Теперь ей уже хотелось, чтоб все знали историю башни. Она даже сердилась на меня временами, упрекая в ненужной скромности, потому что башня заслуживала авторства.
А я, лежа с нею в меблированных комнатах, курил и смотрел на башню, удивляясь ее высоте и прочности.
Китайские императоры уже не приходили ко мне. Не заглядывали они и на бульвар Сен-Жермен, чтобы благословить влюбленных своими загадочными иероглифами, которые обозначали, должно быть, жизнь и смерть, цветущую вишню и нежный, едва заметный пушок на мочке уха женщины. На башню записывались экскурсии туристов, а вскоре было зарегистрировано и первое самоубийство. Какой-то выпускник средней школы ухитрился забраться на самый верх и повеситься там на серебряной цепочке от кулона. Говорили, что он был влюблен в свою учительницу, но та не принимала его любви всерьез. Это происшествие расстроило меня и заставило взглянуть на башню по-иному.

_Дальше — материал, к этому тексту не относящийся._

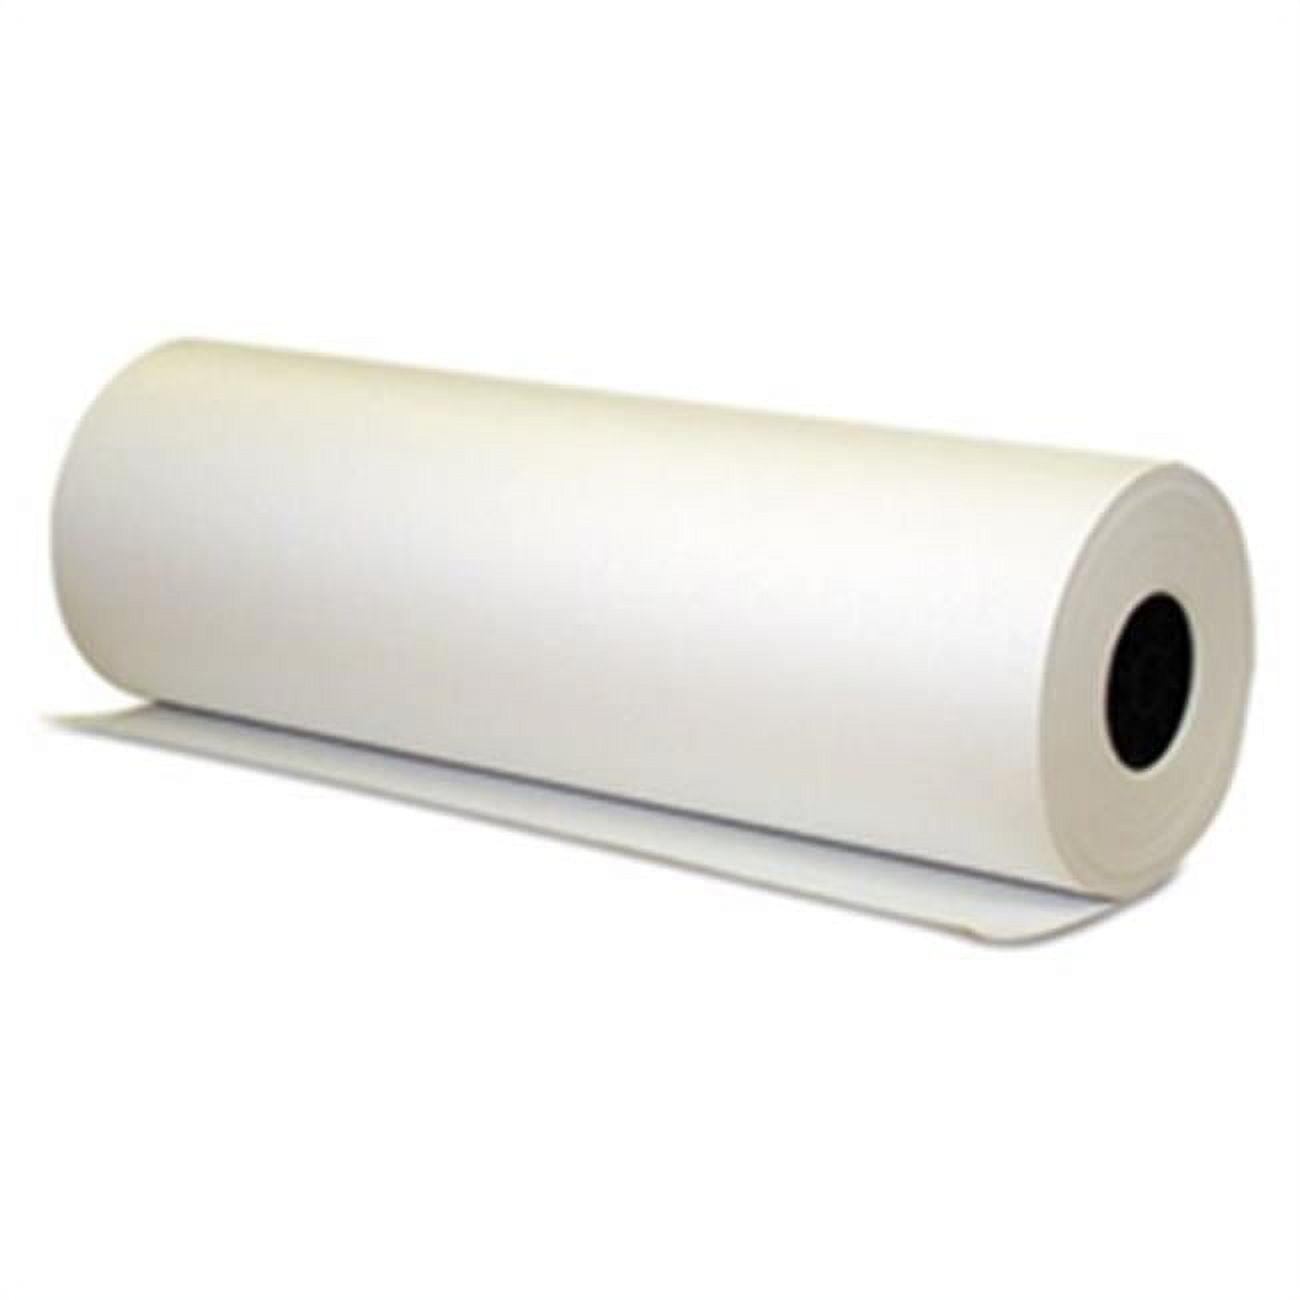 Wb24720 24 In. X 720 Ft. Butcher Paper, White
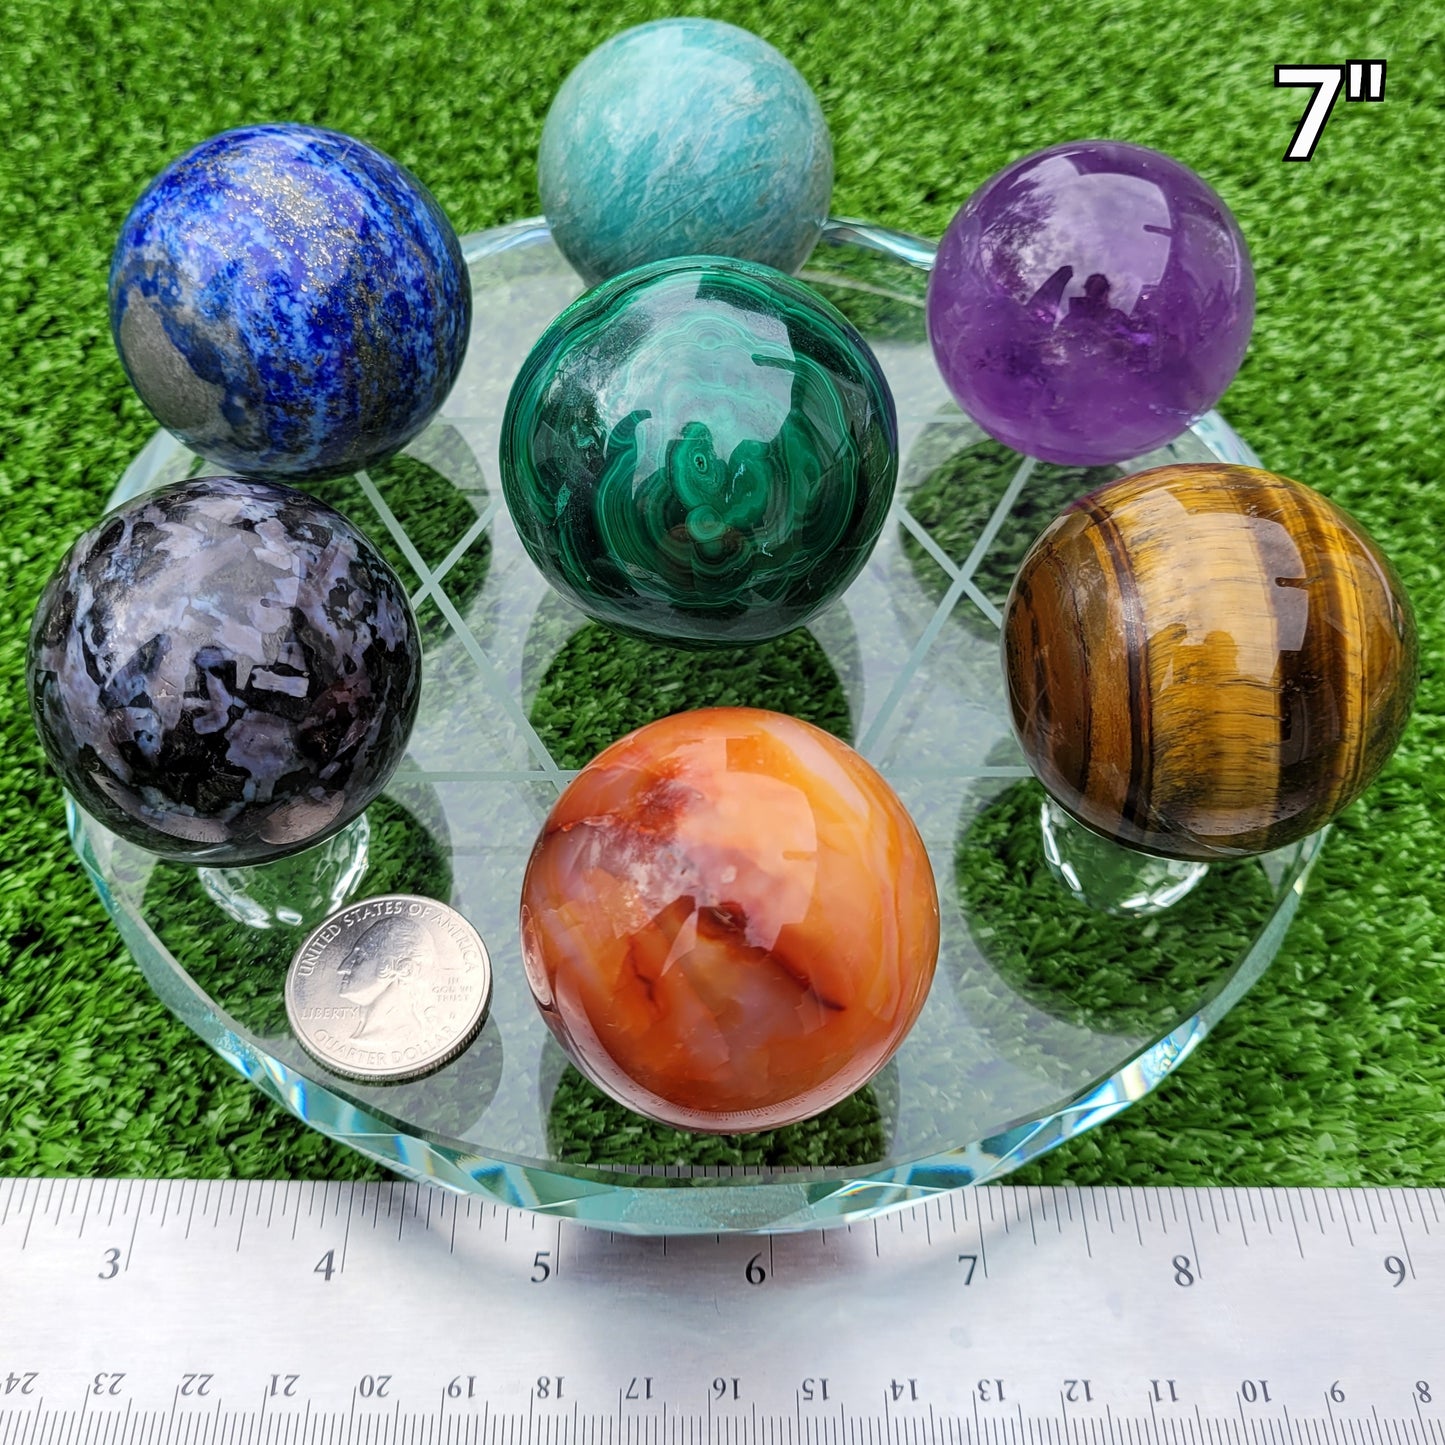 Solid Etched Beveled Glass Sphere Display Plate Stand for 7 Crystal Balls or Eggs 1" to 3" (25mm to 77mm)

Сменились четыре времени года, и наступило пятое - тоска. Мы по-прежнему ходили на бульвар к одной и той же хозяйке, которой я заплатил за год вперед, ели тех же омаров или устриц и любили друг друга с некоей спокойной обреченностью, ибо башня стояла как вкопанная. Башня явно не собиралась снова станог виться кулоном.
И вот однажды осенью, когда моя жена уехала, как я подозреваю, в одно из моих юношеских стихотворений и бродила там между строк, роняя редкие слезинки, моя возлюбленная пришла ко мне домой. Она тоже была печальна и даже не ответила на мой поцелуй. Я чуть было не сказал: на мой дежурный поцелуй. Мы сидели в комнате, пили вино и видели в окне башню, на которой болталась люлька с малярами.
- Будет как новенькая, - сказал я.
- Я очень устала, - сказала она. - Нужно что-нибудь придумать... Да, я легкомысленная, я дрянь, дрянь, дрянь! Но эта башня не для меня. Я вся извелась. Признайся, что ты поставил ее нарочно, чтобы всю жизнь напоминать мне: дрянь, дрянь, дрянь!..
Ее слова звенели, как колокольчики: дрянь, дрянь, дрянь! Как дверной колокольчик в старинном особняке с деревянной лестницей, над которой висит пыльная шпага хозяина. Прислушавшись еще раз к звонку, я встал и открыл дверь. На пороге стоял промокший китайский император. Его одежды облепили жалкую, худую фигуру, отчего он был похож на свечку с застывшими на ней струйками воска. Лицо, нарисованное тушью, было начисто смыто дождем: ни глаз, ни носа, ни рта. Он протянул мне руку и разжал кулак. На узкой ладони с непомерно длинными пальцами лежал мокрый скомканный иероглиф. Я его сразу узнал. Он обозначал любовь.
- Я не могу без тебя, - услышал я за спиной ее жалобный голос.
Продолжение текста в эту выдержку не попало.